┌─ Dataset section
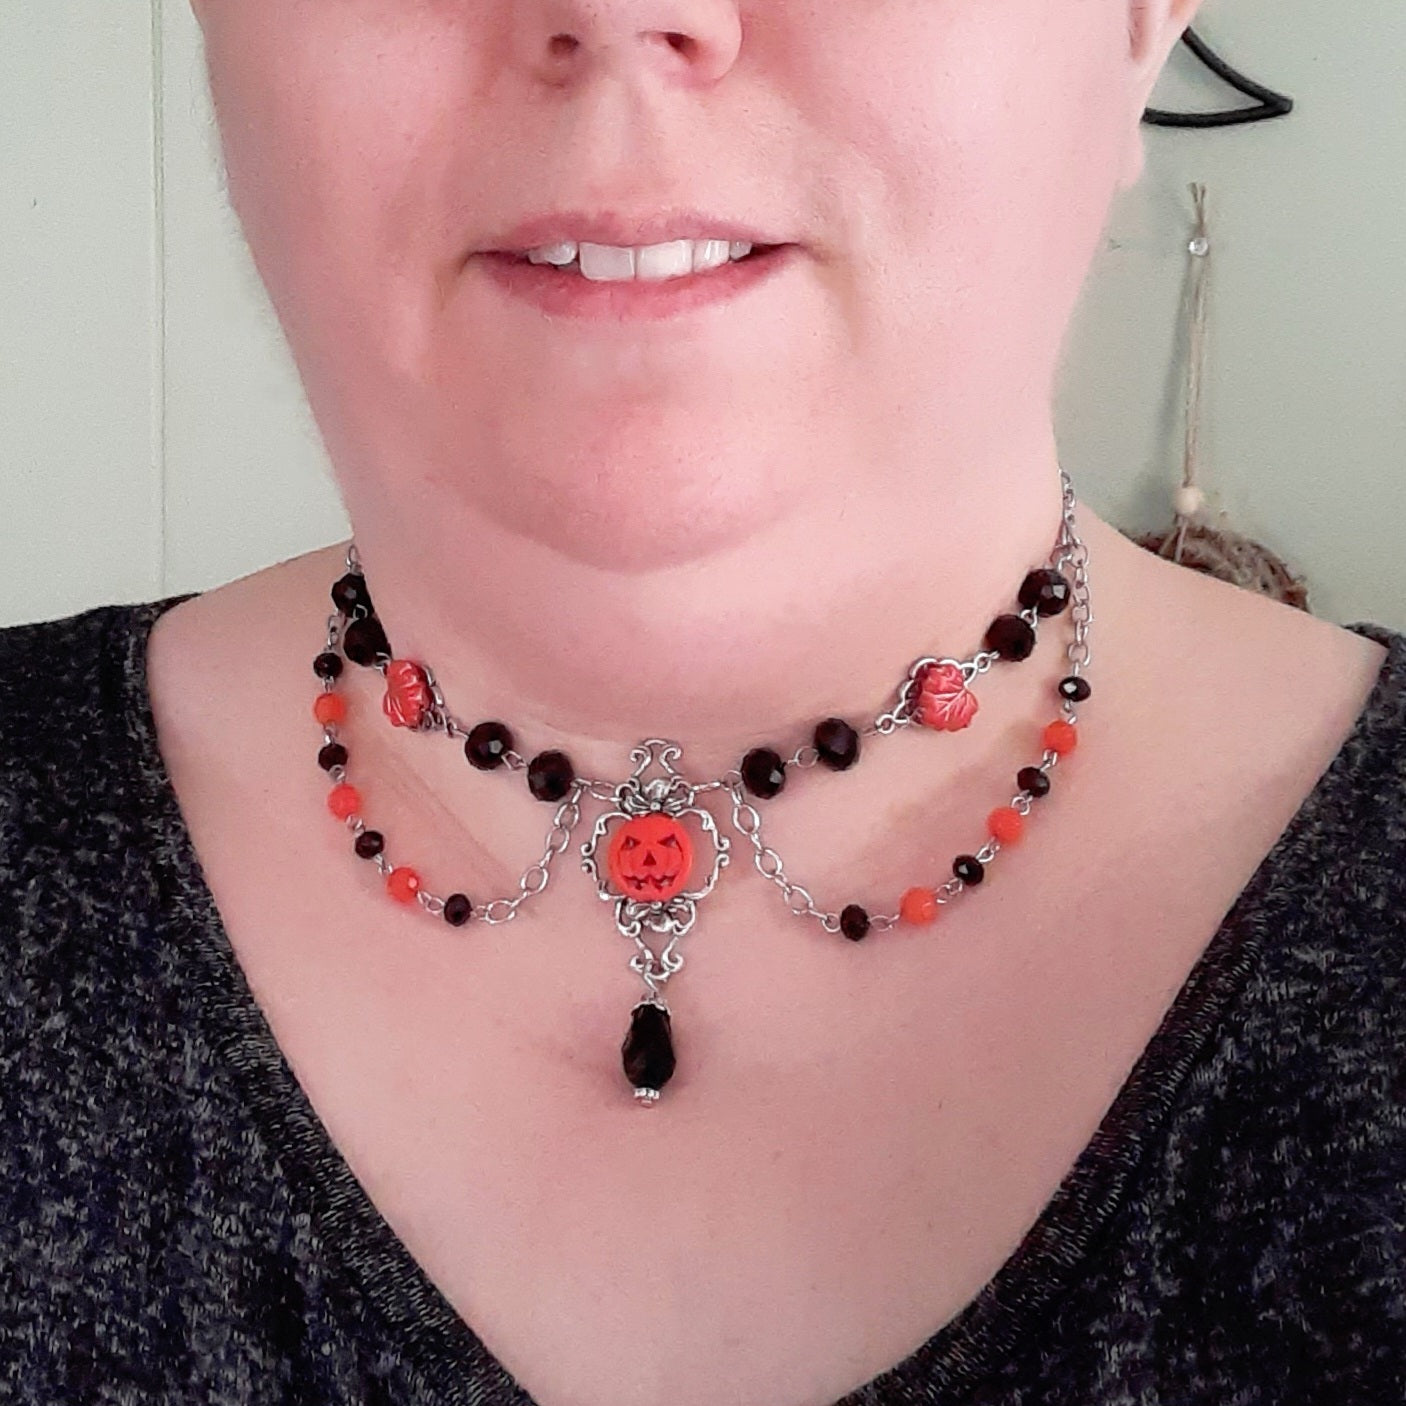 Jack O Lantern choker necklace Plus size adjustable Pumpkin necklace Orange and black beaded Gothic choker necklace
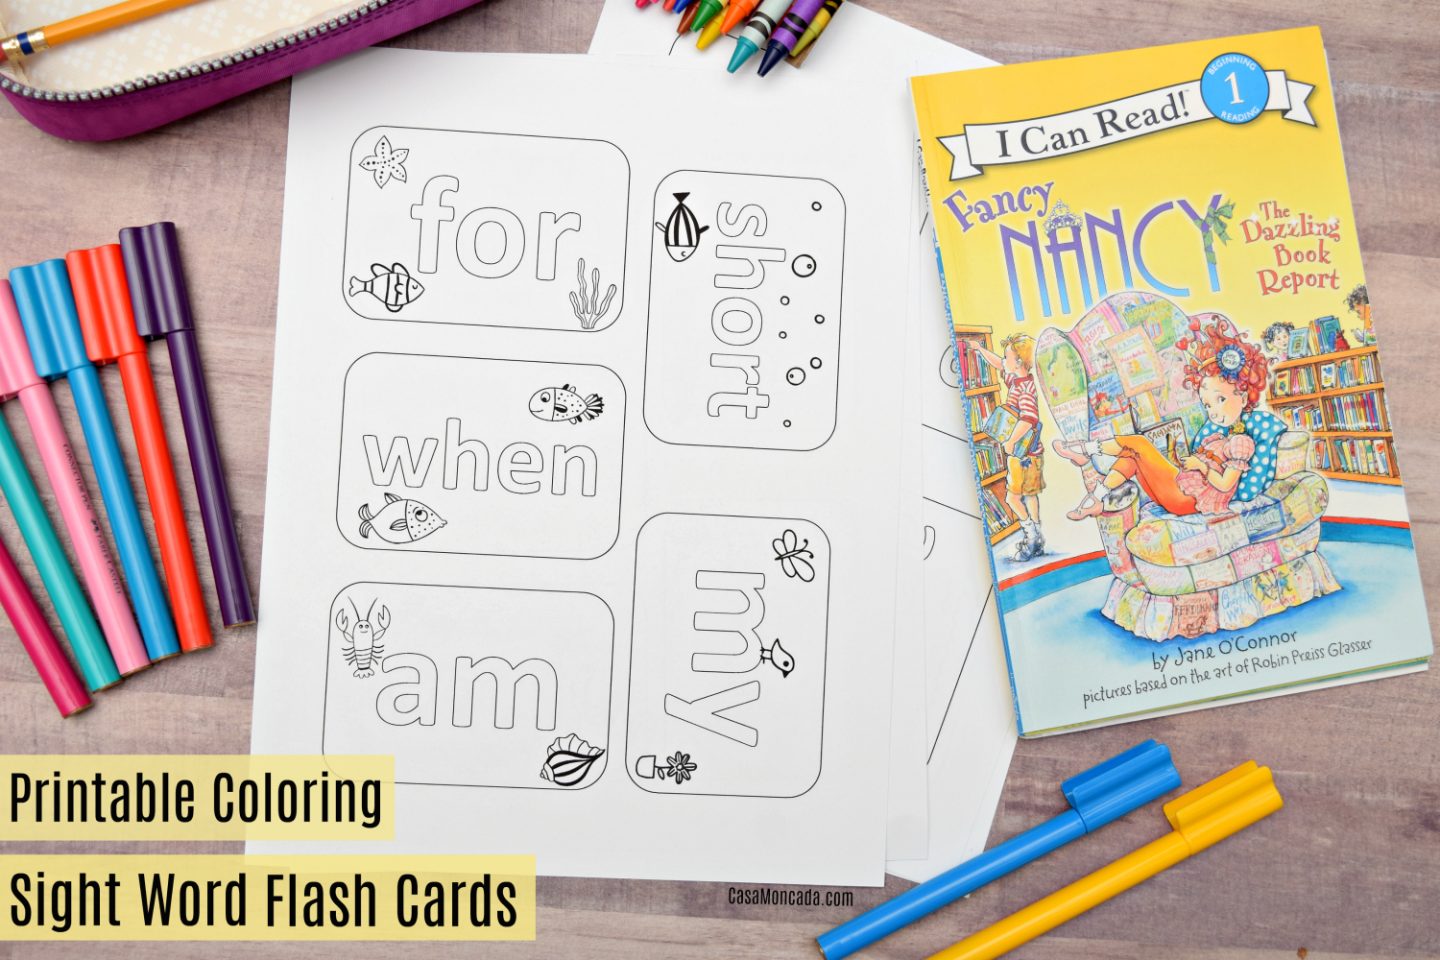 Printable Coloring Sight Words Flash Cards Sprinklediy
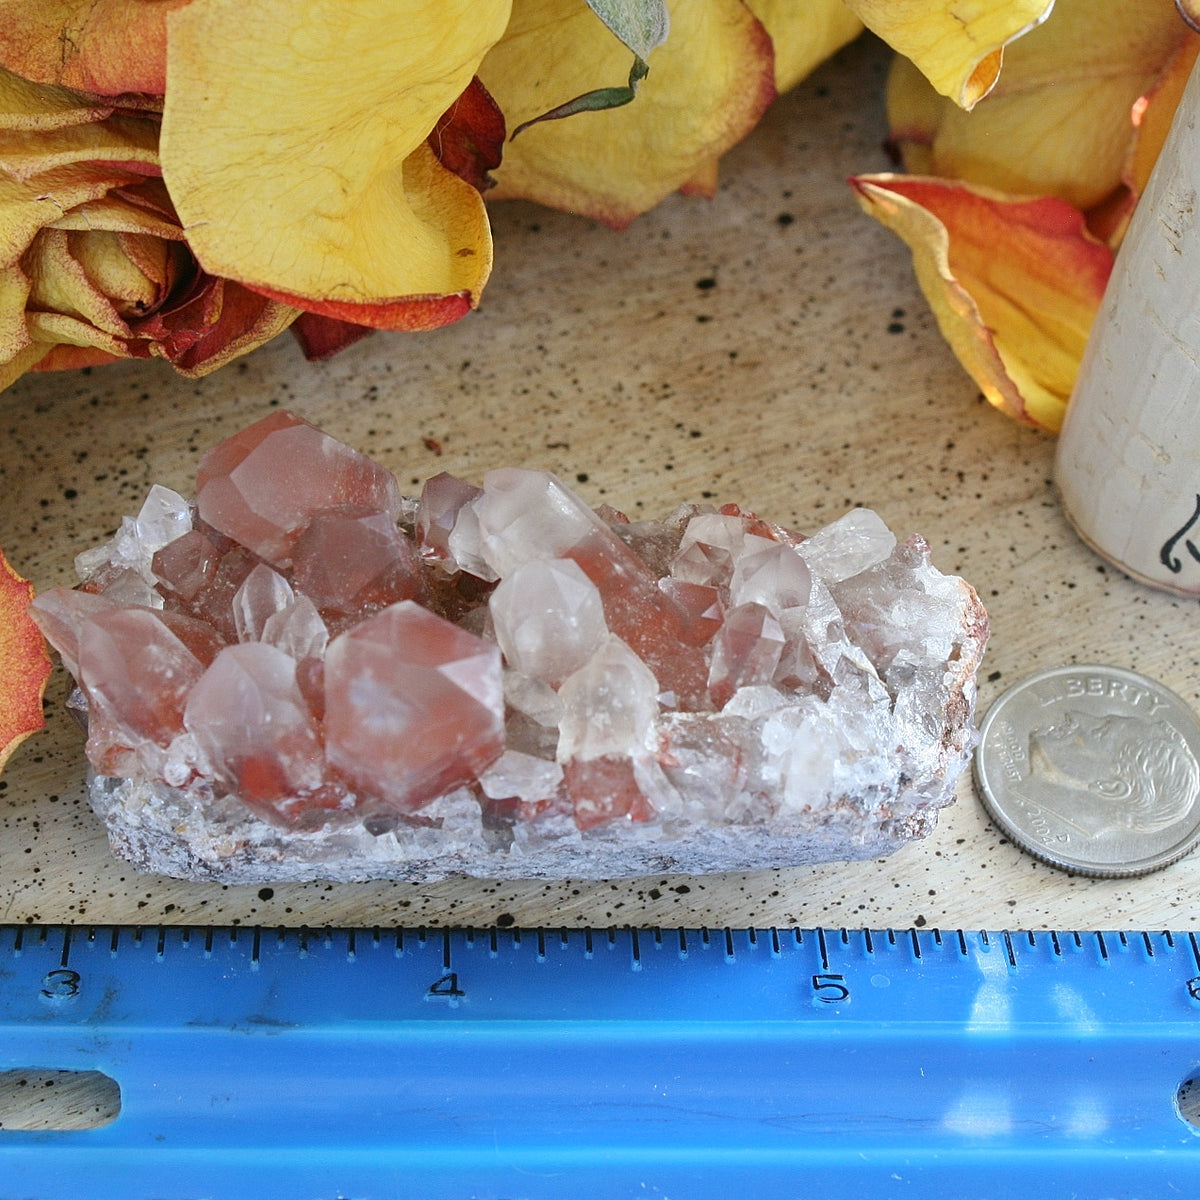 Orange River Quartz with Hematite Inclusions / Phantoms, Northern Cape, South Africa, 74.7 grams
└─
Task description: No pictures, please. Output the listing above exactly as it stands.

Answer to the problem:
 Jack O Lantern choker necklace Plus size adjustable Pumpkin necklace Orange and black beaded Gothic choker necklace
 Printable Coloring Sight Words Flash Cards Sprinklediy
 Orange River Quartz with Hematite Inclusions / Phantoms, Northern Cape, South Africa, 74.7 grams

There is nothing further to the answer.